E.        Applying the criteria to this case

[24]      The appellant’s motion must be dismissed. He discontinued his appeal of his own volition. Thus, he must point to something that strikes at the root of his earlier decision to discontinue. He has not done so. Instead, he seems to have had merely a change of heart.

[25]      The appellant submits that he discontinued his appeal without legal advice. The fact that he may have acted by mistake without appreciating the consequences of discontinuance is insufficient cause: Adam v. Ins. Corp. of B.C., 1985 CanLII 584, 66 B.C.L.R. 164 (C.A.), at paragraphs 24–26. The respondent was entitled to rely upon the discontinuance and the expectations of finality it engendered.

[26]      The appellant has also failed to show that his appeal has a reasonable prospect of success. In his notice of appeal, the appellant advances two grounds of appeal:

(1)       The Federal Court erred in refusing to admit evidence into the judicial review that was not before the Minister when he made his decision. This is destined to fail based on the well-settled law of this Court: Delios v. Canada (Attorney General), 2015 FCA 117, 100 Admin. L.R. (5th) 301, at paragraphs 41–46; Bernard v. Canada (Revenue Agency), 2015 FCA 263, 479 N.R. 189; Association of Universities and Colleges of Canada v. Canadian Copyright Licensing Agency (Access Copyright), 2012 FCA 22, 428 N.R. 297, at paragraphs 18–26.
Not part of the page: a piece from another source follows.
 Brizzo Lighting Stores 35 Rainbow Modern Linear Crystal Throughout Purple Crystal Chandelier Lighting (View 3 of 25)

(2)       The Federal Court had no jurisdiction to order the matter “back to Transport Canada for review”. This is destined to fail because the Federal Court ordered no such thing. The Federal Court simply dismissed the appellant’s application for judicial review.
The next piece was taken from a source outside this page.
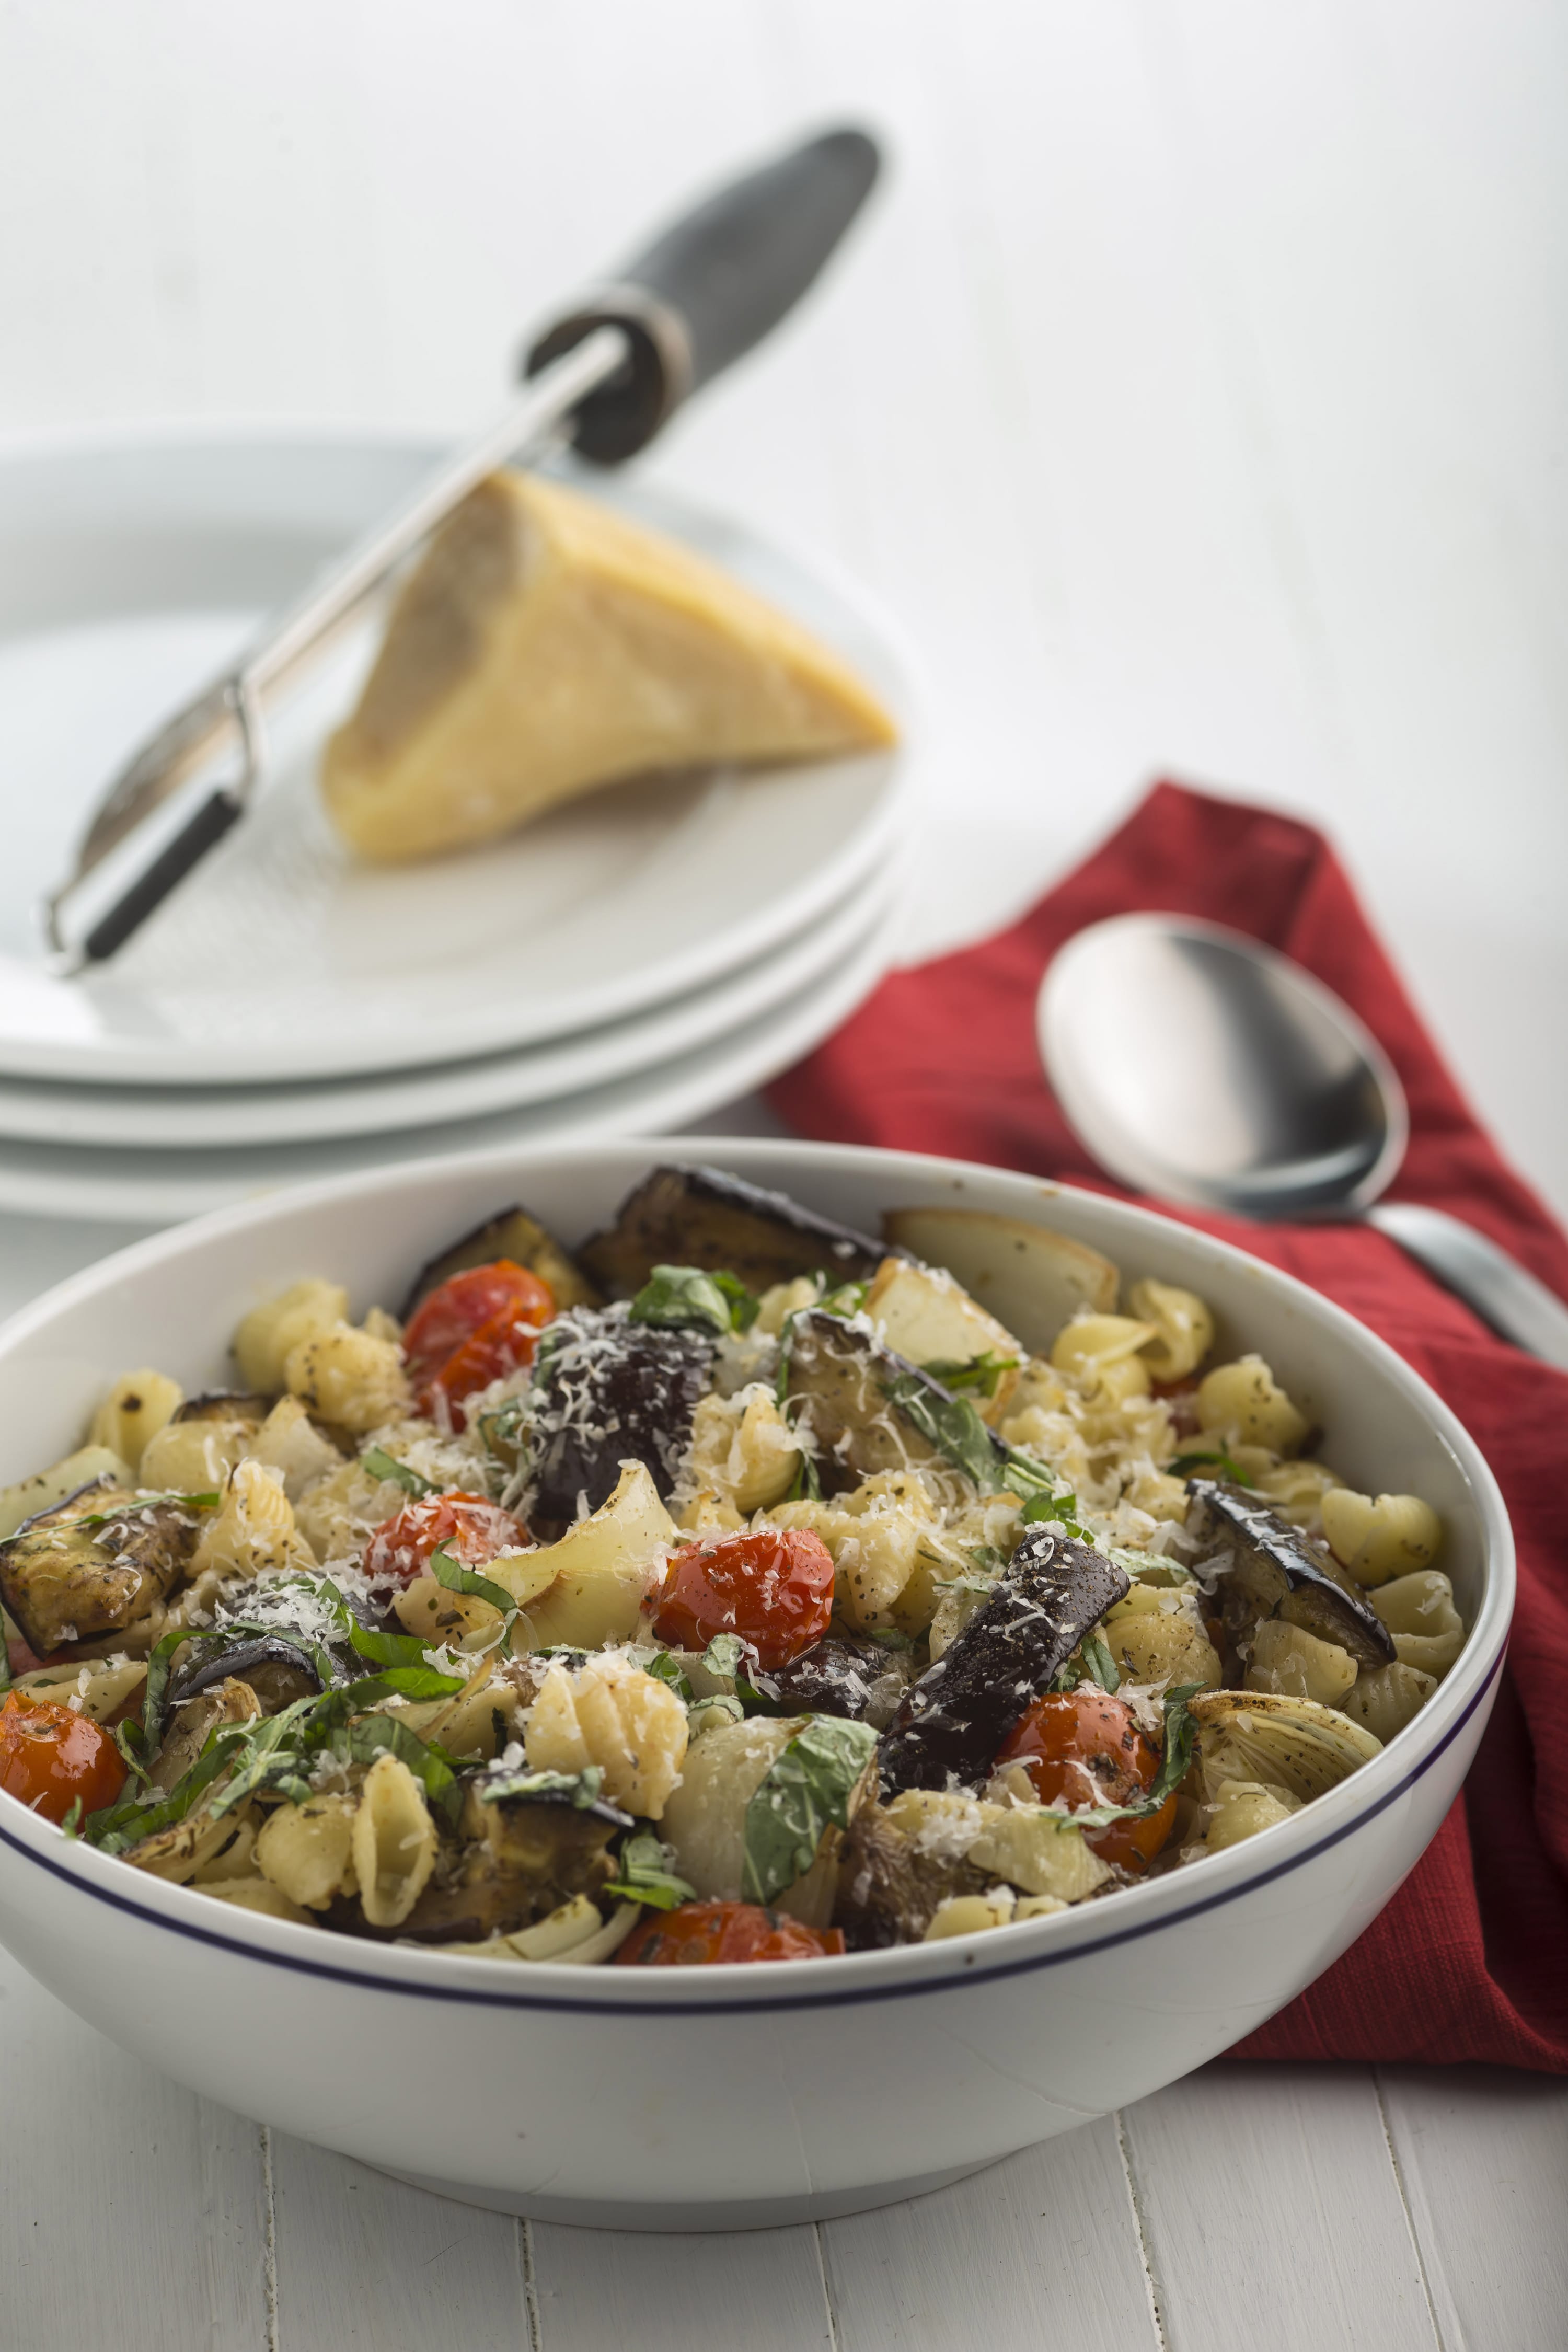 Pasta with roasted eggplant, onions and tomatoes.

[27]      Although the notice of appeal does not raise any other grounds, even if this Court were to admit the new evidence and conduct a reasonableness review of the decision of the Minister of Transport, this appeal would still be destined to fail.

[28]      The Minister of Transport cancelled the appellant’s security clearance upon learning that he had attempted to export two long guns on a trip to Sudan. The appellant says that he intended to hunt wildlife while on vacation in Sudan and was assured by Canadian authorities that he would be given an export permit for the guns. But the documentary evidence shows that he applied for an export permit only after he had exported the guns. As well, his application had no chance of succeeding because of the prohibition against exporting guns to Sudan: United Nations Sudan Regulations, SOR/2004-197.
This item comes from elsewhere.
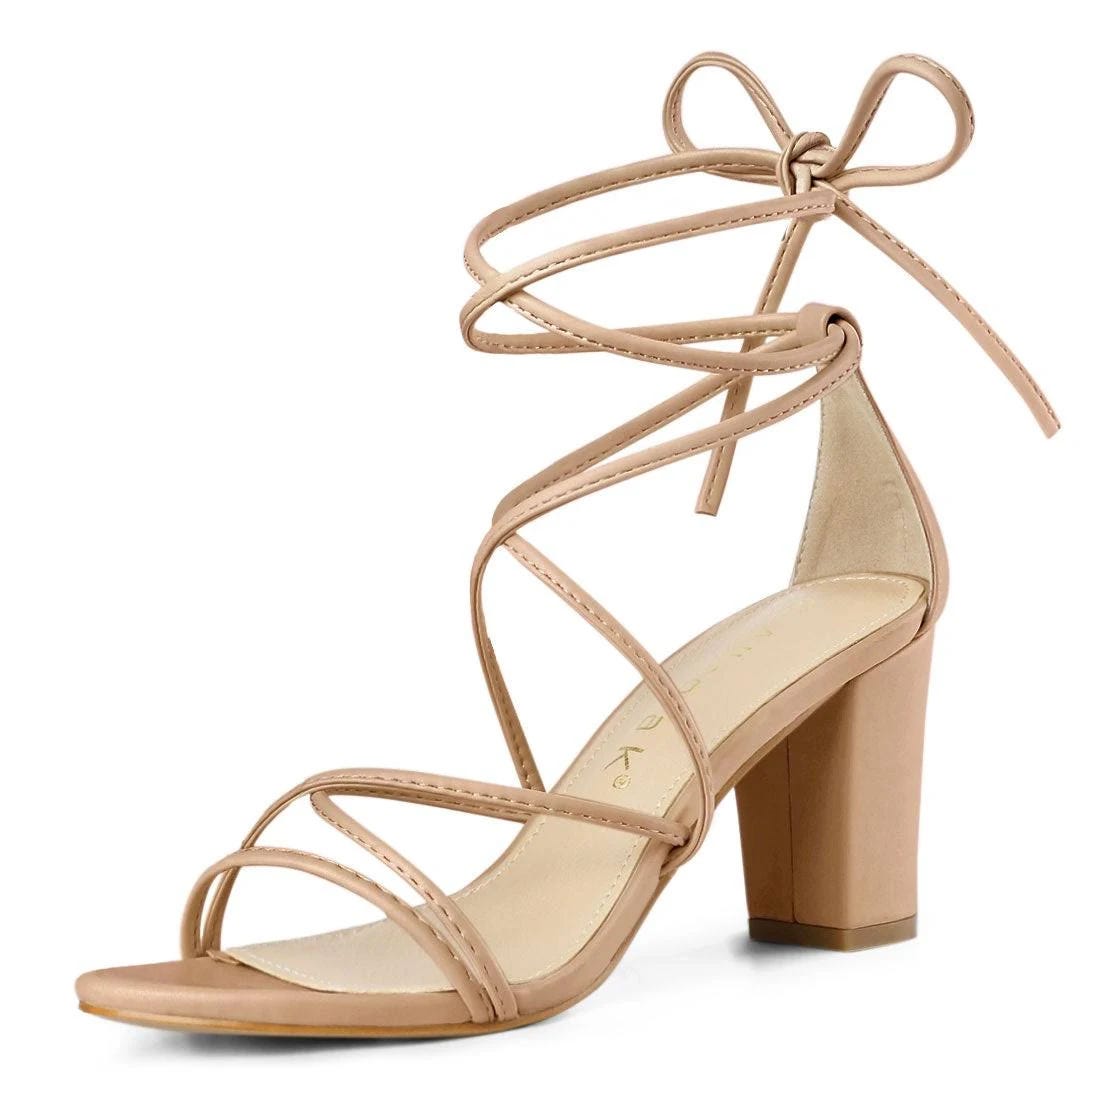 Luxurious Chunky Strappy Sandals with Covered Heel | Image

[29]      The Minister of Transport began proceedings for cancellation of the appellant’s security clearance on these facts—well-established and uncontested in the evidence—based on his loss of trust in the appellant’s judgment, trustworthiness and reliability. In response, the appellant offered items that the Minister found were insufficient to regain his trust: the appellant’s Sudanese passport, the appellant’s Sudanese firearms license, a letter from U.S. Customs (which intercepted the guns) confirming that a sizable amount of cash and a pistol grip had been returned to him, and a release agreement between the appellant and U.S. authorities regarding the return of seized items.

[30]      The Federal Court, noting the highly discretionary nature of security clearance cancellations, found the Minister’s decision to be reasonable. The standard of review is the deferential standard of reasonableness and this Court has found that the Minister’s margin of appreciation when granting and cancelling security clearances is high: Canada (Transport, Infrastructure and Communities) v. Farwaha, 2014 FCA 56, [2015] 2 F.C.R. 1006. In his motion, the appellant offers nothing whatsoever to suggest that this Court will disagree with the Federal Court’s conclusion that the Minister’s decision was reasonable.

[31]      The new evidence that the Federal Court properly refused to admit consists of a copy of the appellant’s Canadian firearms licence, an incomplete application for an export permit, and an affidavit disclosing the origin of the cash seized by the U.S. authorities—matters that would not affect the outcome of reasonableness review.

[32]      Therefore, the motion will be dismissed. Given the appellant’s circumstances and the novelty of the issues in this motion, quite fairly the respondent has not asked for costs. So none will be awarded.